Sent via the file-api config-patch endpoint:

```http
PATCH /config/channels
Authorization: Bearer <supabase-jwt>
Content-Type: application/json

{
"channel": "discord",
"config": {
"enabled": true,
"botToken": "<BOT_TOKEN>"
}
}
```

---

## Prerequisites the user must complete first

| Step | Where |
|------|-------|
| Create a Discord application | [discord.com/developers/applications](https://discord.com/developers/applications) → **New Application** |
| Add a bot to the application | Application → **Bot** → **Add Bot** |
| Enable Message Content Intent | Bot page → **Privileged Gateway Intents** → enable **Message Content Intent** |
| Copy bot token | Bot page → **Reset Token** → copy |
| Invite the bot to a server | OAuth2 → URL Generator → scopes: `bot`, `applications.commands`; permissions: View Channels, Send Messages, Read Message History |

The iOS app can deep-link to each step using `SFSafariViewController` or include a mini-guide with screenshots.

---

## Quick auth: "Connect with Discord" OAuth2 (alternative)

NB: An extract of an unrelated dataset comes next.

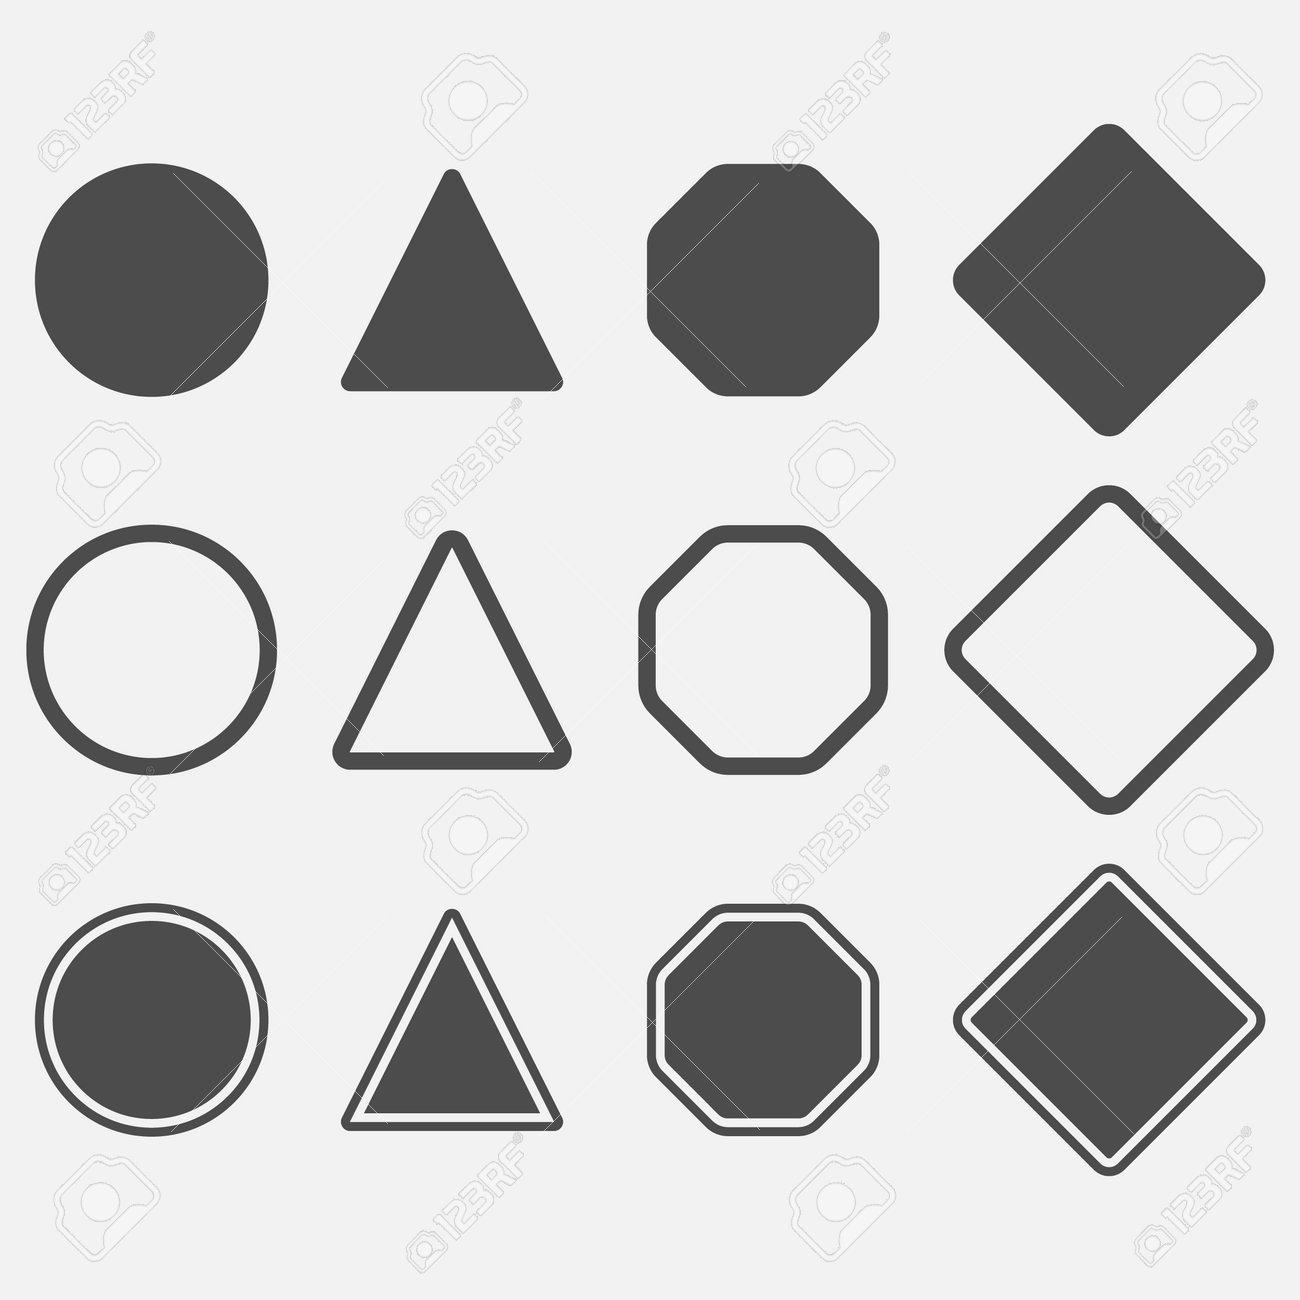 Blank danger simple icon set. Vector illustration. Eps 10. - 166654002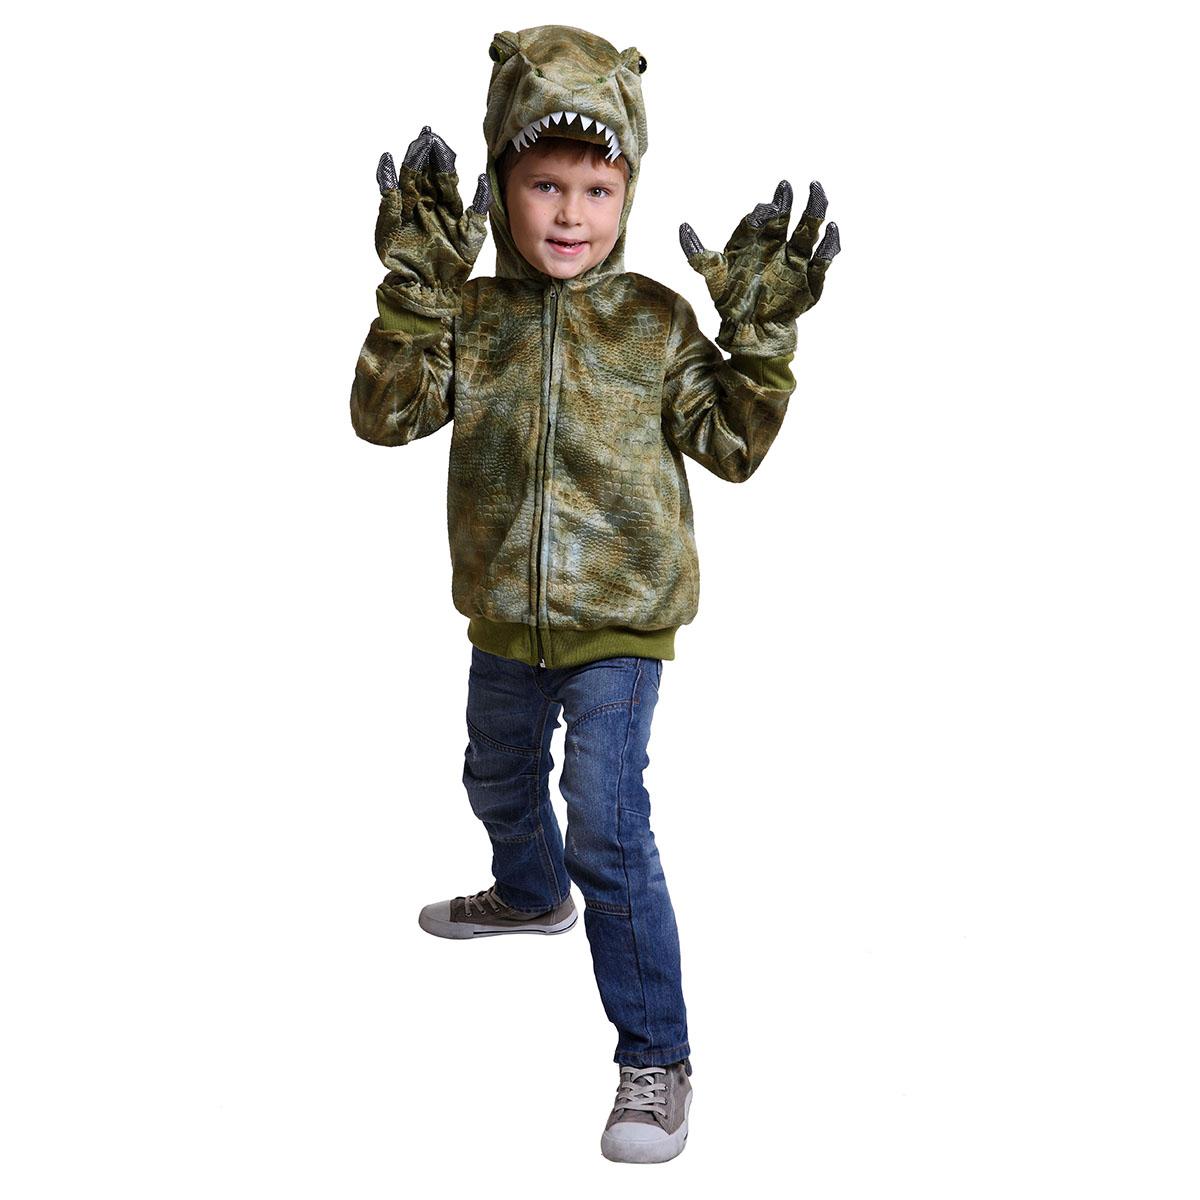 tyrannosaurus rex costume for girls and boys - dragon halloween costume

If you want a zero-paste experience, you can implement an OAuth2 flow where the user authorizes your app to create a bot on their behalf. This requires you to host an OAuth2 callback endpoint.

```
iOS App → ASWebAuthenticationSession
→ https://discord.com/oauth2/authorize
?client_id=<YOUR_APP_CLIENT_ID>
&scope=bot+applications.commands
&permissions=<FLAGS>
&redirect_uri=<YOUR_CALLBACK>
→ User grants access
→ Callback receives guild_id + bot_token (if using bot authorization flow)
→ App patches container config
```

> This approach requires your OAuth2 redirect handler to exchange the code for a bot token and forward it to the container. It is more complex but provides a smoother user experience for non-technical users.

---

## Security notes

- Store the bot token only on the container (never in the iOS app's local storage or Keychain after the initial POST).
- The file-api endpoint must validate the Supabase JWT before writing to config.
- Tokens displayed in the settings screen should be masked (show only last 4 characters).